BOSTON, September 28, 2017 – WGBH Educational Foundation is pleased to announce that the Institute of Museum and Library Services (IMLS) has awarded WGBH a $229,772 Laura Bush 21st Century Librarian Program grant to launch the Public Broadcasting Preservation Fellowship. The fellowship will fund 10 graduate students from across the United States to digitize at-risk audiovisual materials at public media organizations near their universities. The digitized content will ultimately be incorporated into the American Archive of Public Broadcasting (AAPB), a collaboration between Boston public media station WGBH and the Library of Congress working to digitize and preserve thousands of broadcasts and previously inaccessible programs from public radio and public television’s more than 60-year legacy.
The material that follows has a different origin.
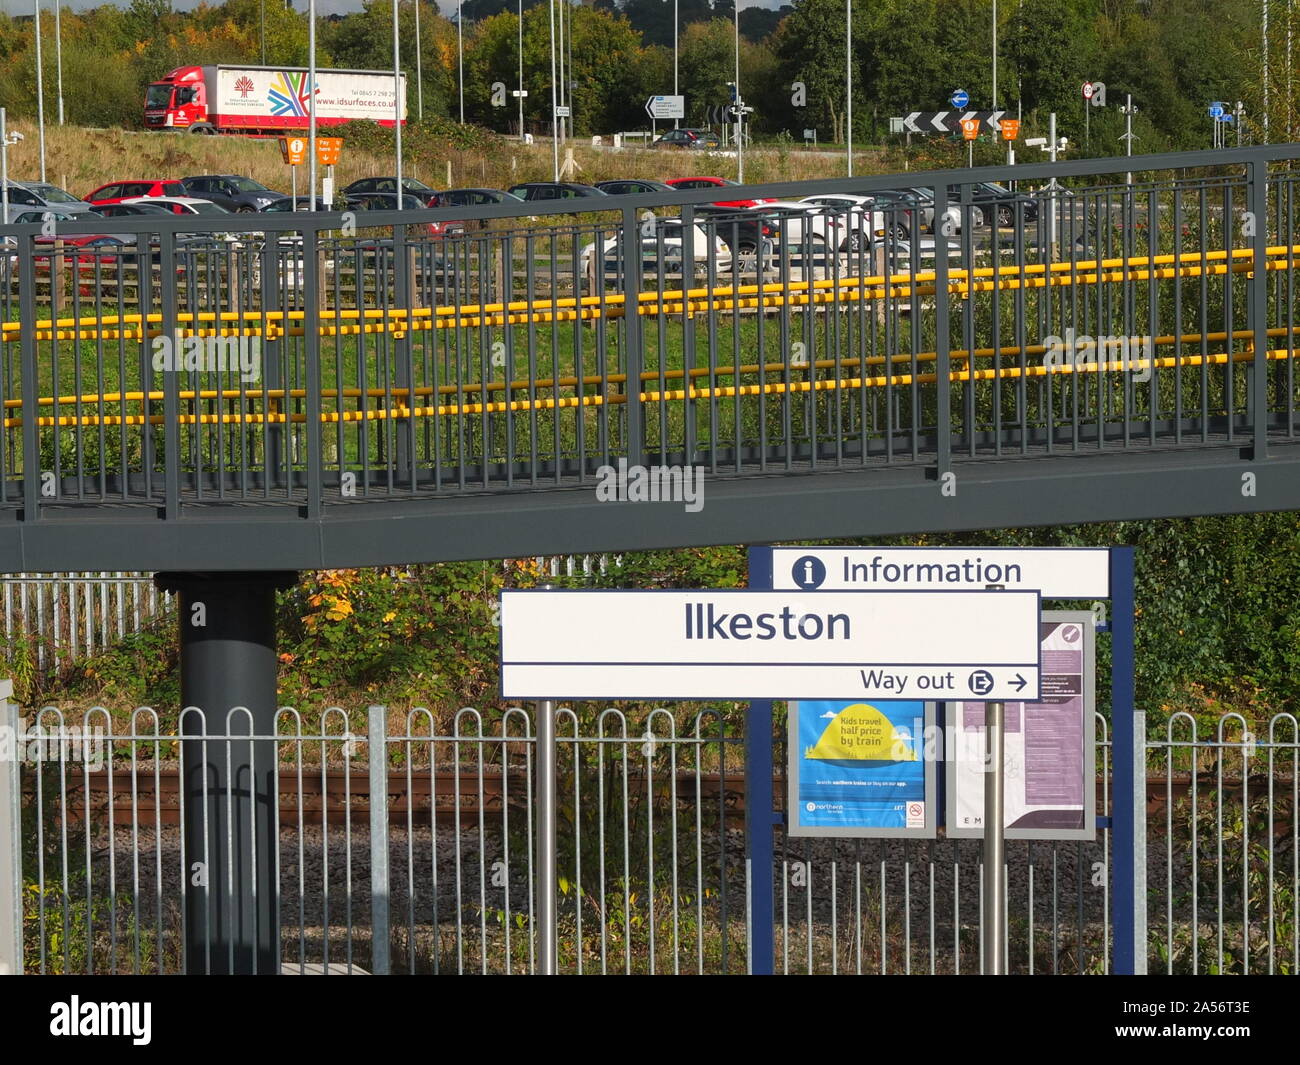 Ilkeston Railway Station, Derbyshire opened 2nd April 2017 after previous station closed in 1967. Ilkeston had Stock Photo

“We are honored that the Institute of Museum and Library Services has chosen WGBH to lead the Public Broadcasting Preservation Fellowship,” said Casey Davis Kaufman, Associate Director of the WGBH Media Library and Archives and WGBH’s AAPB Project Manager. “This grant will allow us to prepare a new generation of library and information science professionals to save at-risk and historically significant public broadcasting collections, especially fragile audiovisual materials, from regions and communities underrepresented in the American Archive of Public Broadcasting.”

WGBH has developed partnerships with library and information science programs and archival science programs at five universities: Clayton State University, University of North Carolina at Chapel Hill, University of Oklahoma, University of Missouri, and San Jose State University. Each school will be paired with a public media organization that will serve as a host site for two consecutive fellowships: Georgia Public Broadcasting, WUNC, the Oklahoma Educational Television Authority, KOPN Community Radio, and the Center for Asian American Media in partnership with the Bay Area Video Coalition.
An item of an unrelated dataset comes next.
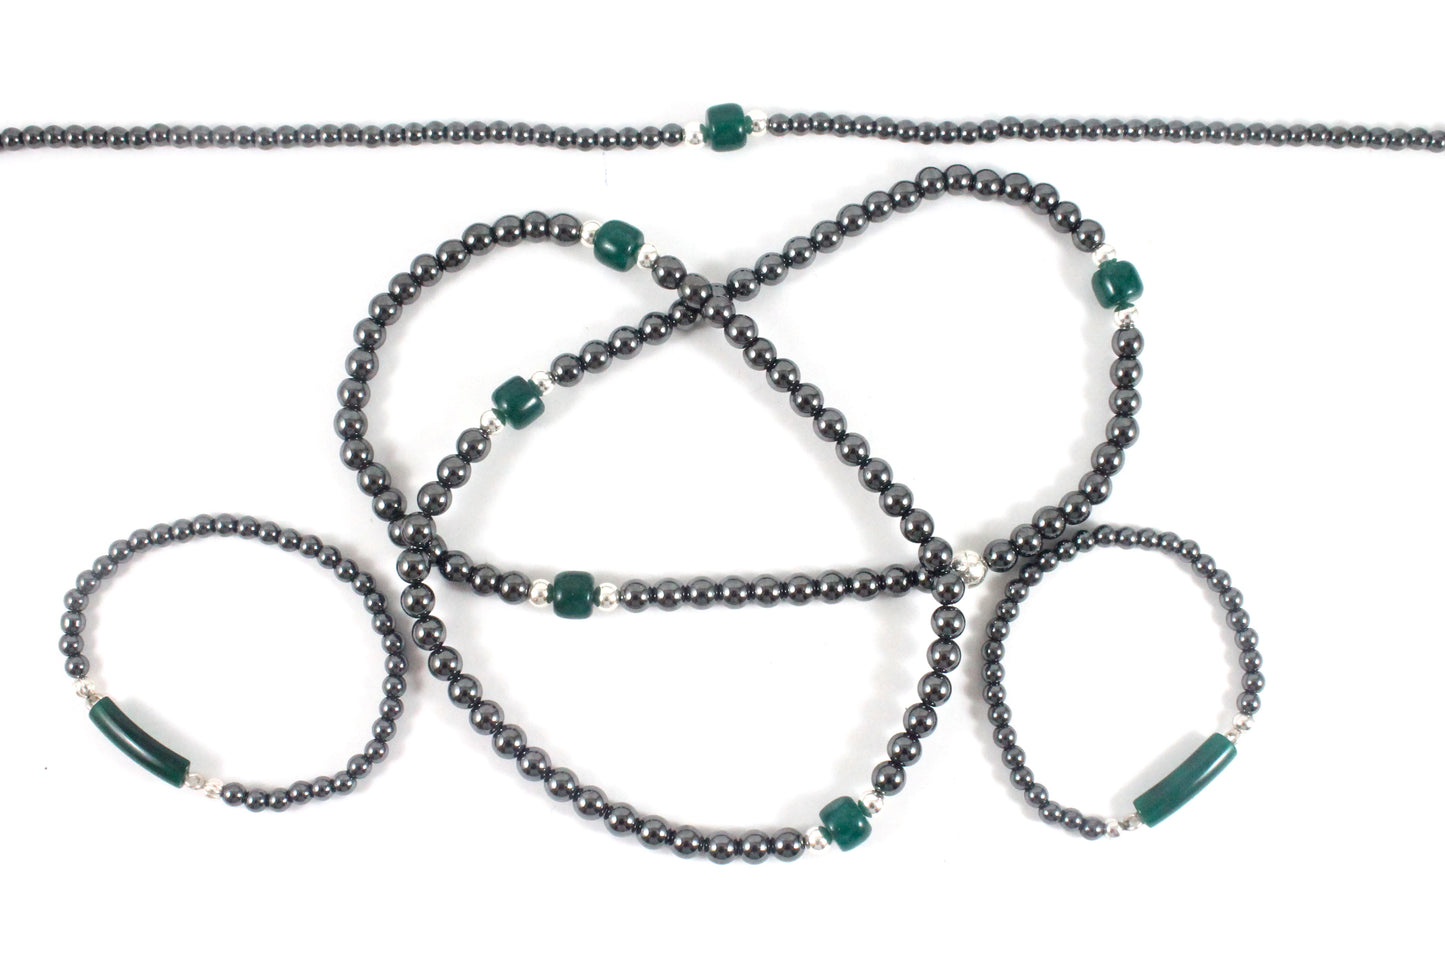 Hematite/Jade Necklace - Jane Collection -The Ricci District

“As centers of learning and catalysts of community change, libraries and museums connect people with programs, services, collections, information, and new ideas in the arts, sciences, and humanities. They serve as vital spaces where people can connect with each other,” said IMLS Director Dr. Kathryn K. Matthew. “IMLS is proud to support their work through our grant making as they inform and inspire all in their communities.”

The first fellowship will take place during the 2018 spring semester, from January to April of 2018. The second fellowship will take place during the summer semester from June to August of 2018. The grant also will support participating universities in developing long-term audiovisual preservation curricula, including providing funding for audiovisual digitization equipment, and developing partnerships with local public media organizations.

### 

About WGBH
WGBH Boston is America’s preeminent public broadcaster and the largest producer of PBS content for TV and the Web, including Masterpiece, Antiques Roadshow, Frontline, Nova, American Experience, Arthur, Curious George, and more than a dozen other prime-time, lifestyle, and children’s series. WGBH also is a leader in educational multimedia, including PBS LearningMedia, and a pioneer in technologies and services that make media accessible to the 36 million Americans who are deaf, hard of hearing, blind, or visually impaired. WGBH has been recognized with hundreds of honors: Emmys, Peabodys, duPont-Columbia Awards…even two Oscars. Find more information at www.wgbh.org.
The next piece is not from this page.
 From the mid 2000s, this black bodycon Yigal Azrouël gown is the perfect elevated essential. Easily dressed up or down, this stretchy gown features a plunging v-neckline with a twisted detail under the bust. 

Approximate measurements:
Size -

About the Library of Congress
The Library of Congress is the world’s largest library, offering access to the creative record of the United States – and extensive materials from around the world – both on site and online. It is the main research arm of the U.S. Congress and the home of the U.S. Copyright Office.  Explore collections, reference services and other programs and plan a visit at loc.gov, access the official site for U.S. federal legislative information at congress.gov and register creative works of authorship at copyright.gov.

About the American Archive of Public Broadcasting
The American Archive of Public Broadcasting (AAPB) is a collaboration between the Library of Congress and the WGBH Educational Foundation to coordinate a national effort to preserve at-risk public media before its content is lost to posterity and provide a central web portal for access to the unique programming that public stations have aired over the past 60 years. To date, nearly 50,000 hours of television and radio programming contributed by more than 100 public media organizations and archives across the United States have been digitized for long-term preservation and access. The entire collection is available on location at WGBH and the Library of Congress, and more than 22,000 programs are available online at americanarchive.org.

About IMLS
The Institute of Museum and Library Services is celebrating its 20th Anniversary. IMLS is the primary source of federal support for the nation’s 123,000 libraries and 35,000 museums. Our mission has been to inspire libraries and museums to advance innovation, lifelong learning, and cultural and civic engagement. For the past 20 years, our grant making, policy development, and research has helped libraries and museums deliver valuable services that make it possible for communities and individuals to thrive. To learn more, visit http://www.imls.gov and follow us on Facebook, Twitter and Instagram.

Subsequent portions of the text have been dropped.